These past few days have been very uncertain, and so are the days ahead. I've been recognizing how good I have it, but I always want more...I'm worried that if this truly happens, I'll throw away what I've been given for the risk of something better, but the something better will be something worse...I find myself worrying even though I know only time will tell...it's all whatever God desires.

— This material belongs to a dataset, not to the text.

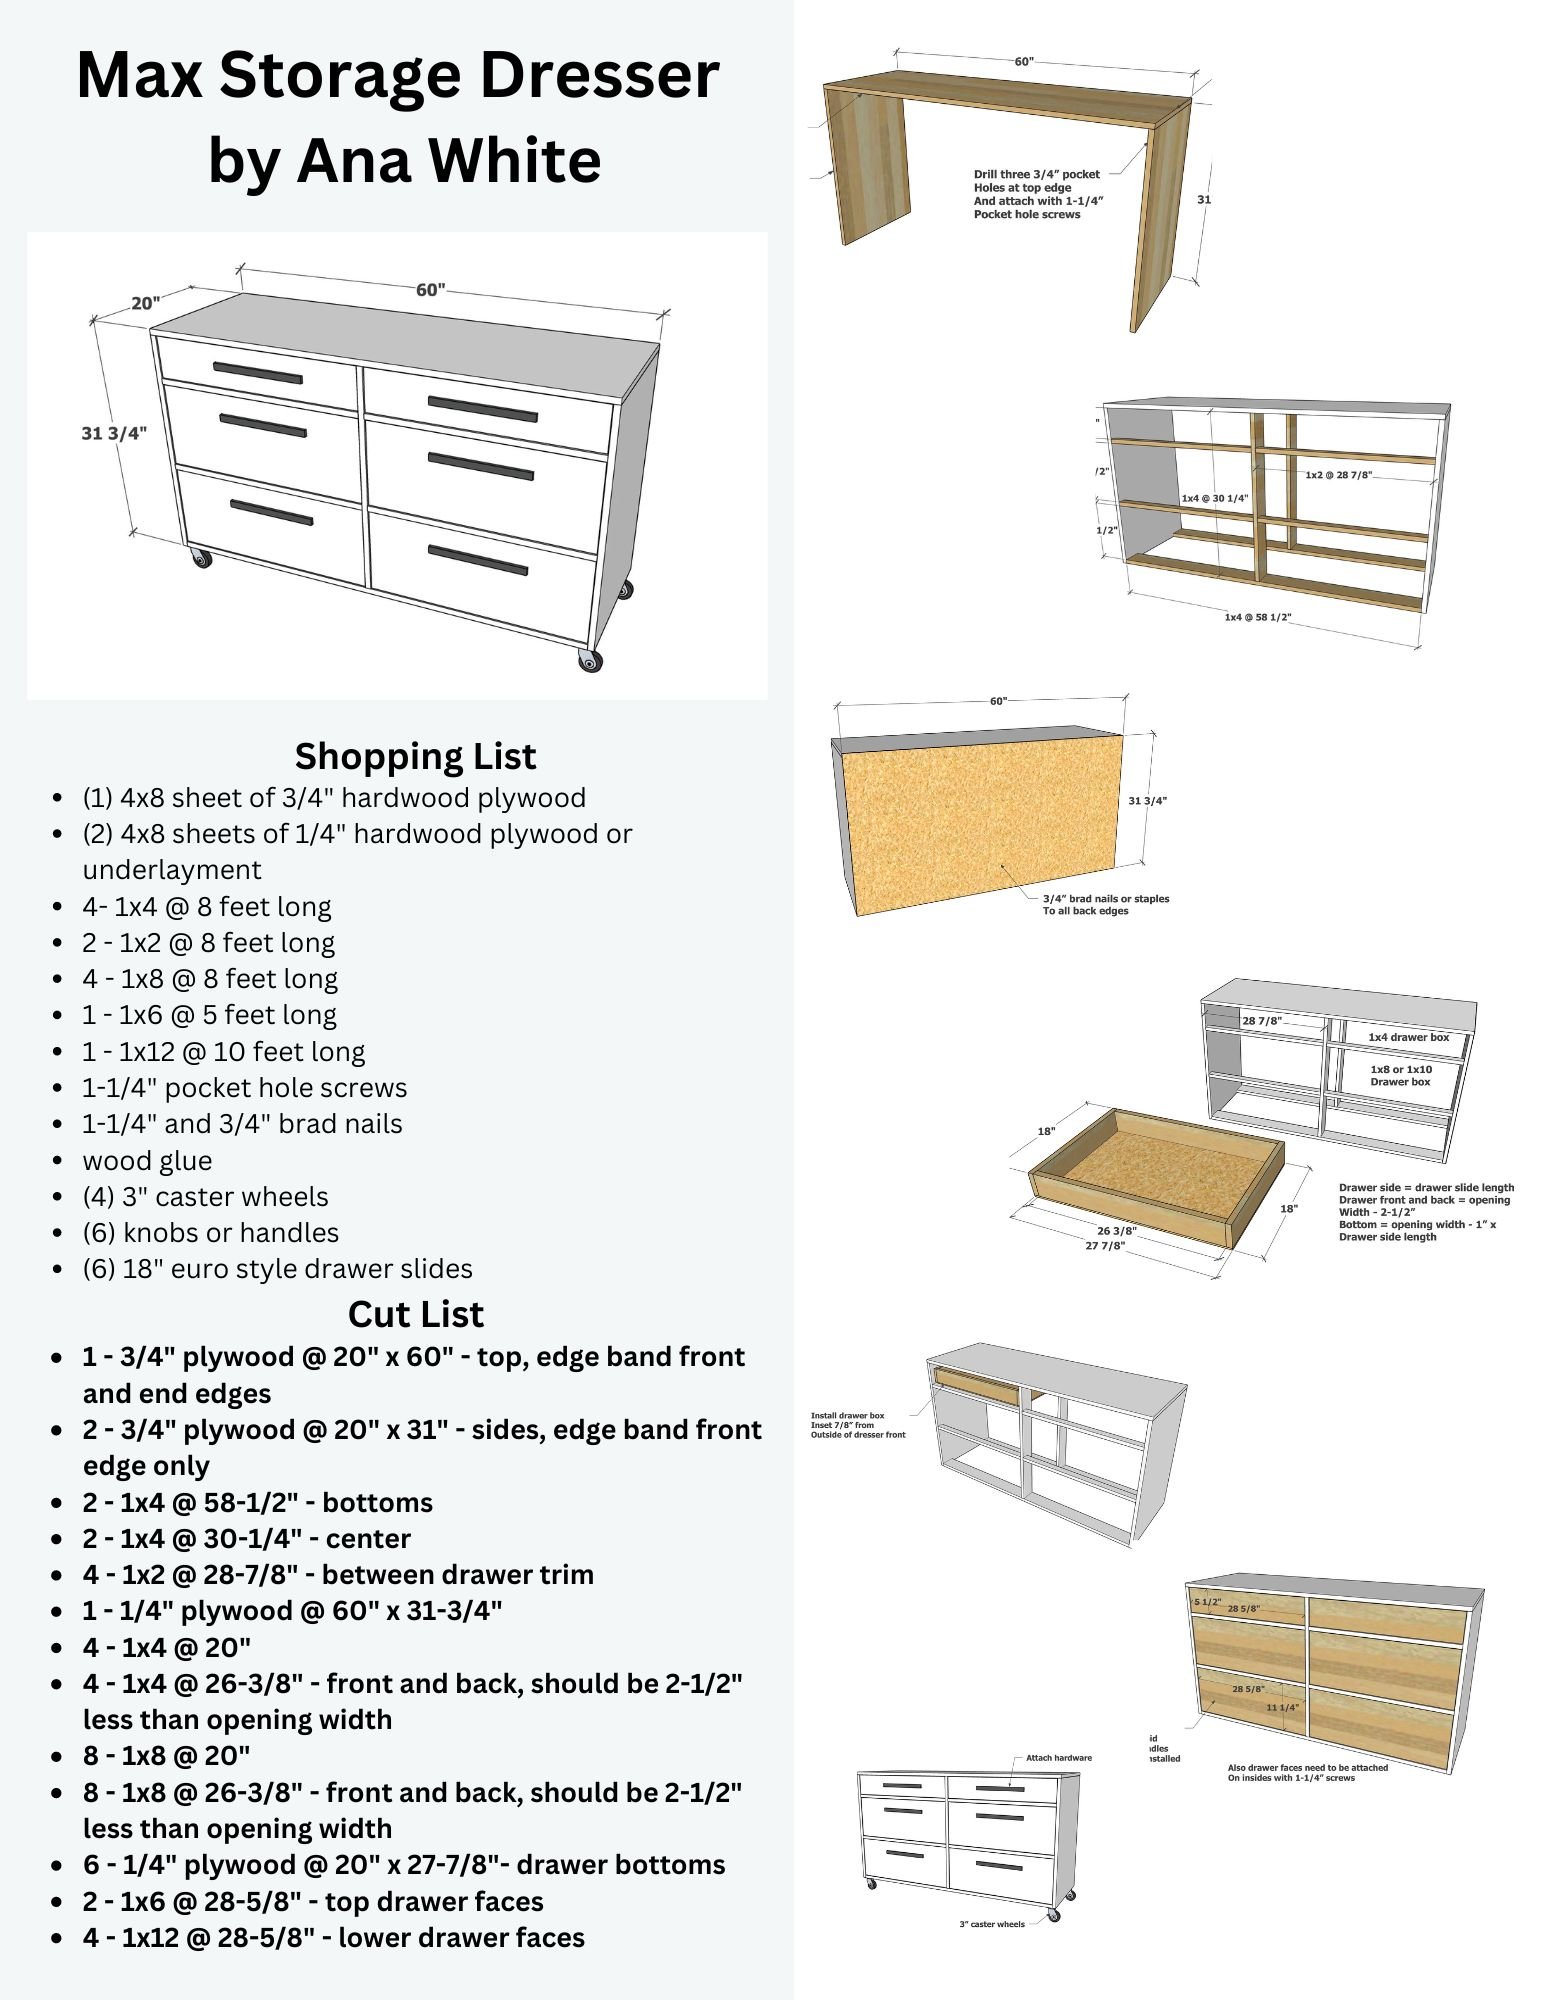 Max Storage Dresser - Easy to Modify Size Plans
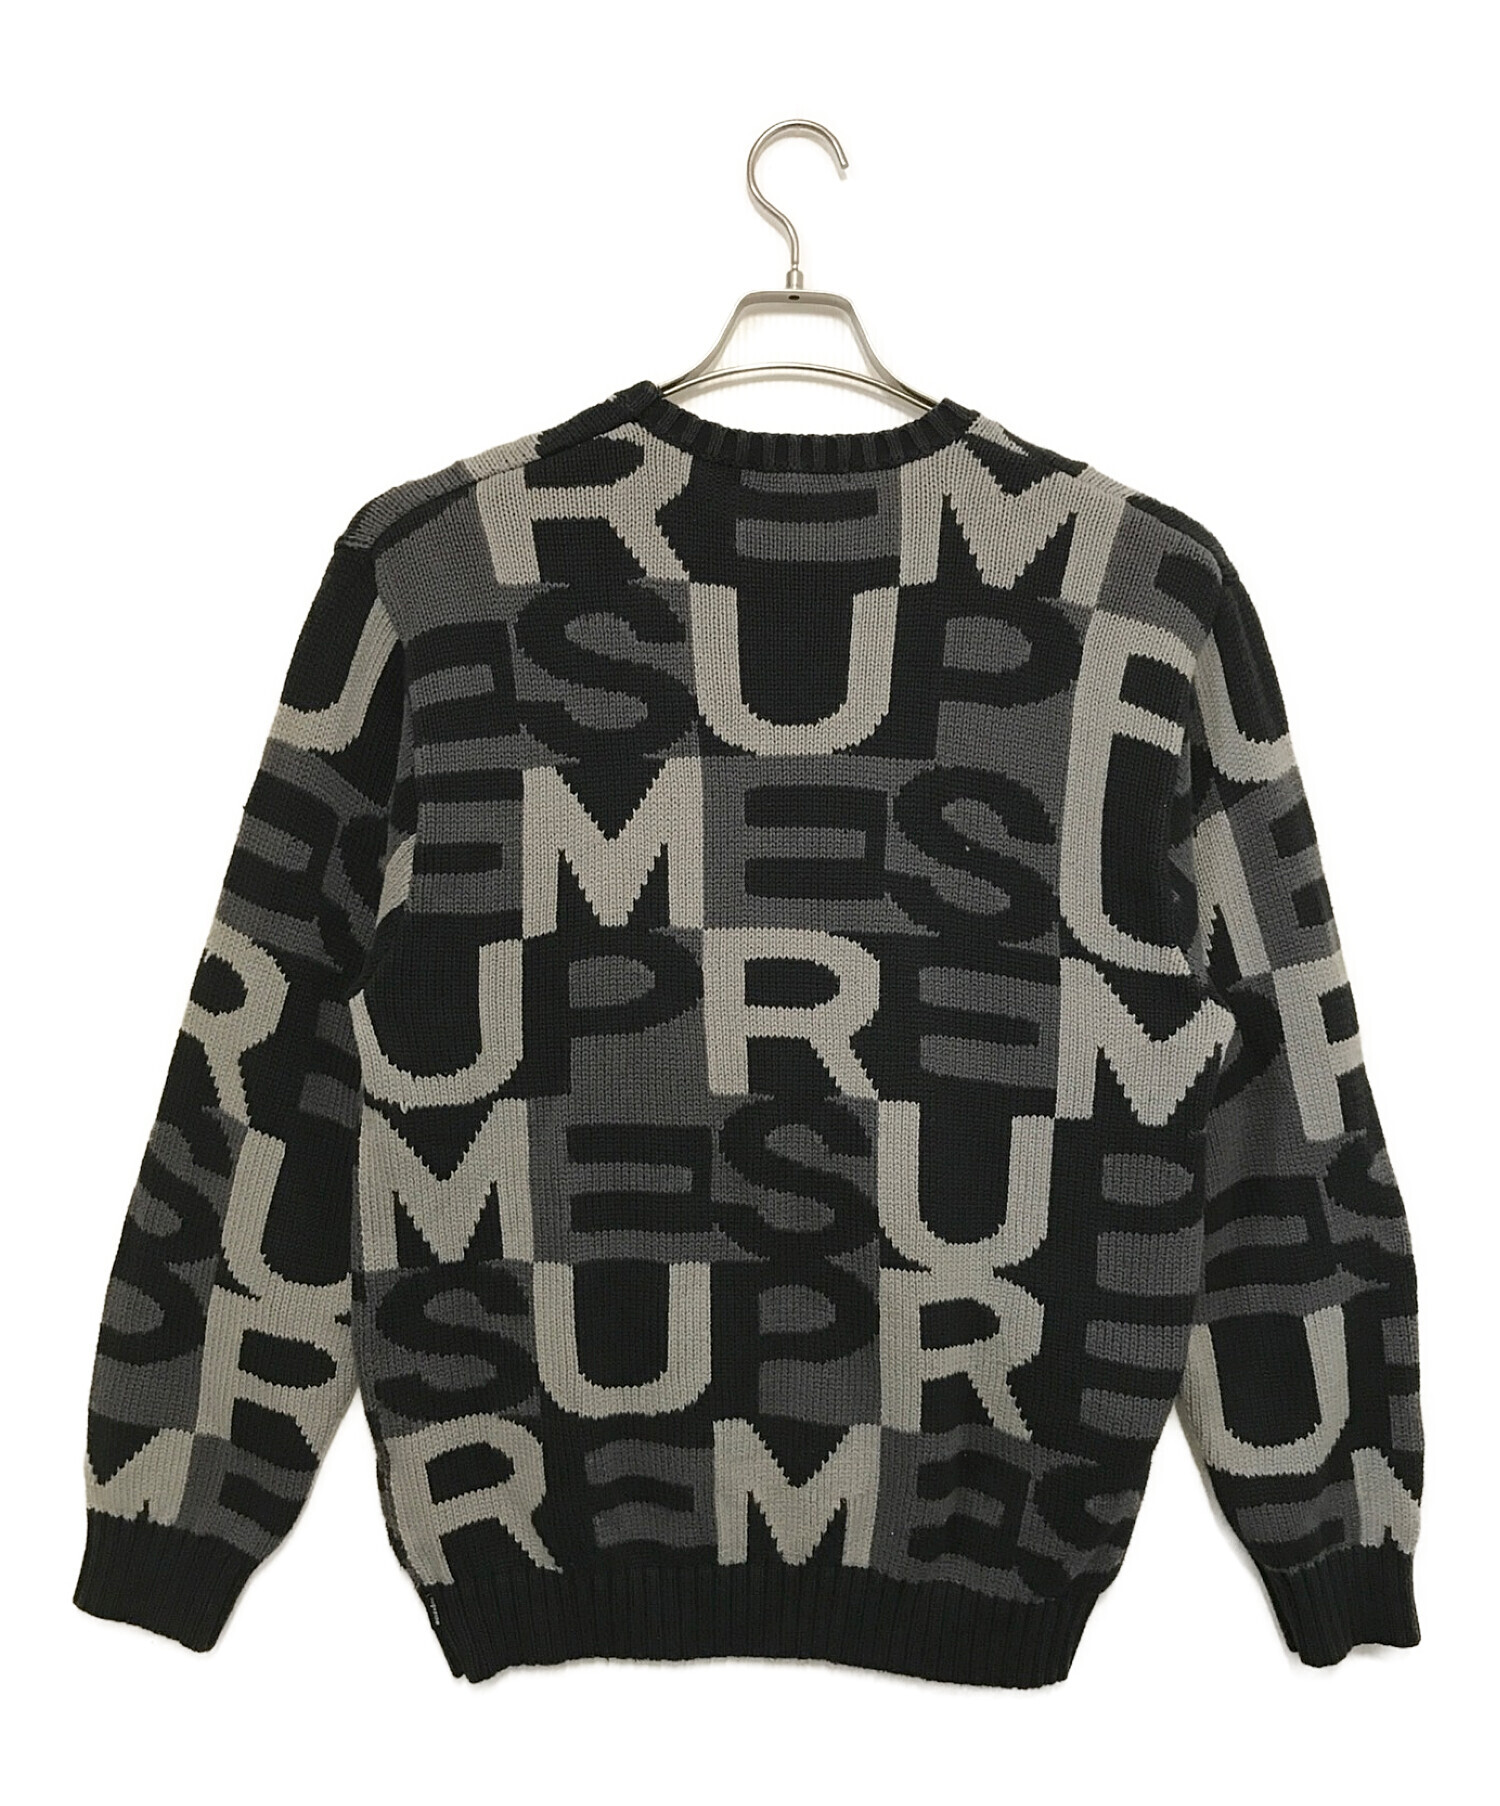 SUPREME (シュプリーム) Big Letters Sweater ブラック×グレー サイズ:M

So there is this boy that I'm fond of who I hadn't heard from in over a week. It's a challenge to hold a conversation with him, as it's never in person, and he's always disappearing and abandoning me. He causes me a lot of heartache, but I keep praying. I've never been as close to a boy as I have to this one. Today I felt like I was going to lose it if I didn't hear from him, and miraculously, he replied to me! But the conversation didn't get far, of course, but I know he's going through a rough time. I always embarrass myself a bit, trying to get him to come back after he disappears, but he does come back, and I always feel foolish for getting so worked up. I can't let myself blame myself though. I know that I can't just excuse all of his faults, but he's not perfect, and I always forgive him because I do care about him.
I don't see myself being with him the rest of my life, but he's important to me right now, and I know that God will help me through my difficulties with him. Also, I thank Him, I do thank Him for getting me this far and always proving me wrong, surprising me with His miracles.